Zaides has been creating work dealing with relations between Jews and Arab citizens of Israel since Israel’s first war with Gaza in 2008. In 2010’s “Quiet,” four Jews and Arab Israelis dance together, sometimes tenderly, sometimes aggressively, exploring the question of “why it is so difficult to communicate with each other,” said Zaides. “Land Research,” from 2012, also includes Jewish and Arab Israeli dancers, considering both groups’ connection to the land.
Zaides’s other work has never been subjected to the kind of outcry that “Archive” has. Over the summer, the Petach Tikva Museum of Art hosted a Zaides installation with B’Tselem footage, called “Capture Practice,” as part of a larger program on dance. A couple of weeks into the show, activists, including a group called Mothers of Soldiers Against B’Tselem, began calling for its closure. Though the activists say that they succeeded in shutting it down, a spokeswoman for the museum said that Zaides’s show continued without interruption until its prescheduled closing.
Zaides’s critics were more successful in Jerusalem, when another “Archive” spin-off was met with about 50 protesters carrying Israeli flags. According to a Ha’aretz report at the time, the demonstration became violent and three protesters were arrested. One audience member said that he was hit in the head with a flagpole, and told to “burn in the gas chambers.” The protesters also shut off the power.
There have also been attempts cut Zaides’s public funding. Zaides said he receives about 140,000 shekels ($36,000) annually from the Ministry of Culture to produce his work. According to a ministry spokesperson, the department’s legal adviser is examining whether or not to bring the question of Zaides’s funding to Israel’s attorney general based on public complaints. Zaides said that he first learned about the proceedings in the Israeli press, but so far there has been no interruption of his financing.
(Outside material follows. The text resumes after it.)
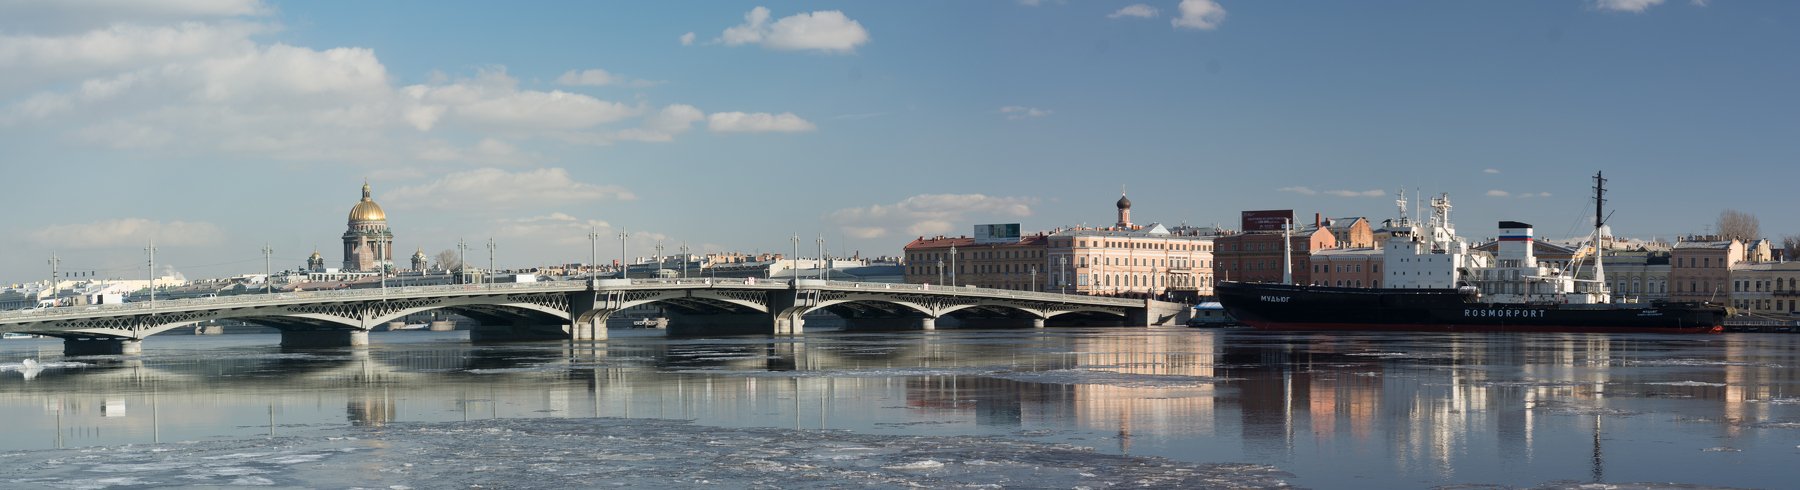 Санкт-Петербург весна нева ледокол мост отражения, Цукерман Михаил

Zaides’s critics have followed him to Europe, where he is now showing “Archive” and “Capture Practice.” “He is doing a lot of demonization all over Europe with his show, showing Israeli soldiers as war criminals,” said Revital Moshiach, the creator of the Mothers of Soldiers Against B’Tselem group, which she has since deleted from Facebook.
Shamai Glick, another activist, said that he reached out to Knesset member Ayelet Shaked of the ultra-right Jewish Home party to alert her to Zaides’s work in France. In January, Shaked wrote to the French ambassador to Israel beseeching him to “show leadership” and cancel the event: “I ask you not to allow the exhibits — which show terrorists as victims and IDF fighters defending Israeli citizens with their bodies as criminals — to take place.”
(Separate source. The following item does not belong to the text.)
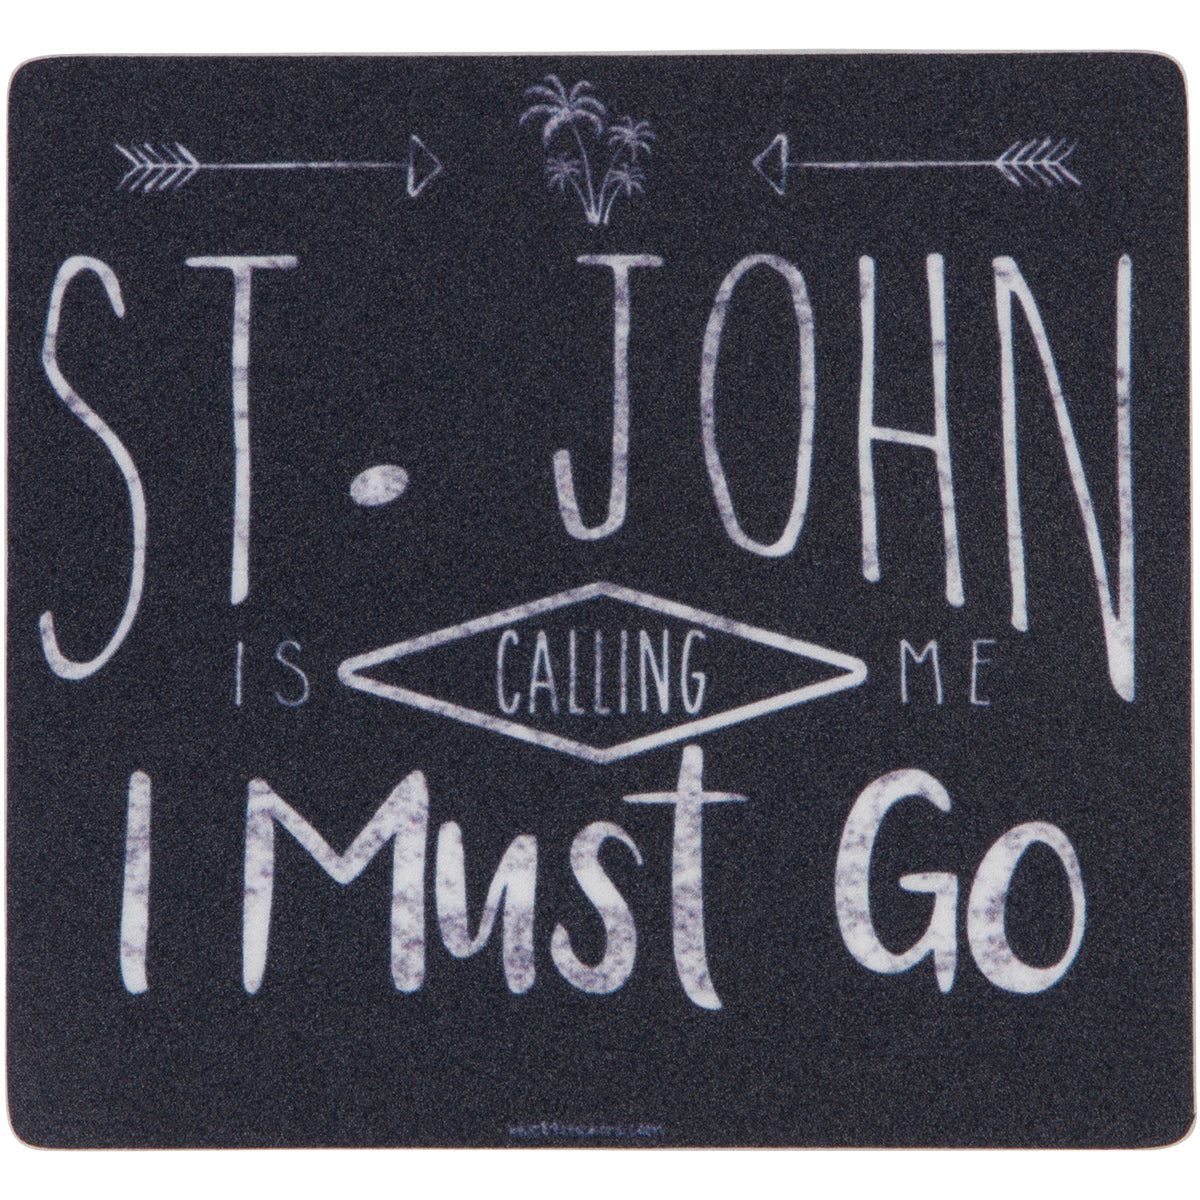 ST. JOHN IS CALLING STICKER

Both Glick — who is the nephew of Yehuda Glick, the Third Temple activist who was shot and gravely injured by an East Jerusalem Palestinian in the fall — and Moshiach contend that Zaides’s work is stirring up violence against Jews in Europe. “You know what the people in France said?” said Glick. “They said that when people see this show they are coming out and saying that the soldiers of Israel are so bad. They go around and make anti-Semitism.” But Zaides said that just as B’Tselem seeks to keep the Israeli occupation on the public agenda, he hopes that “Archive” will do the same.
“Yesterday I was talking with someone and they said, ‘I think the question is do we control the situation or does the situation control us?’” he said. “I think it’s an interesting discussion.” Israel’s occupation, he continued, is a “self-perpetuating situation where we don’t stop and question the consequences of it.”
Naomi Zeveloff is the Forward’s Middle East correspondent.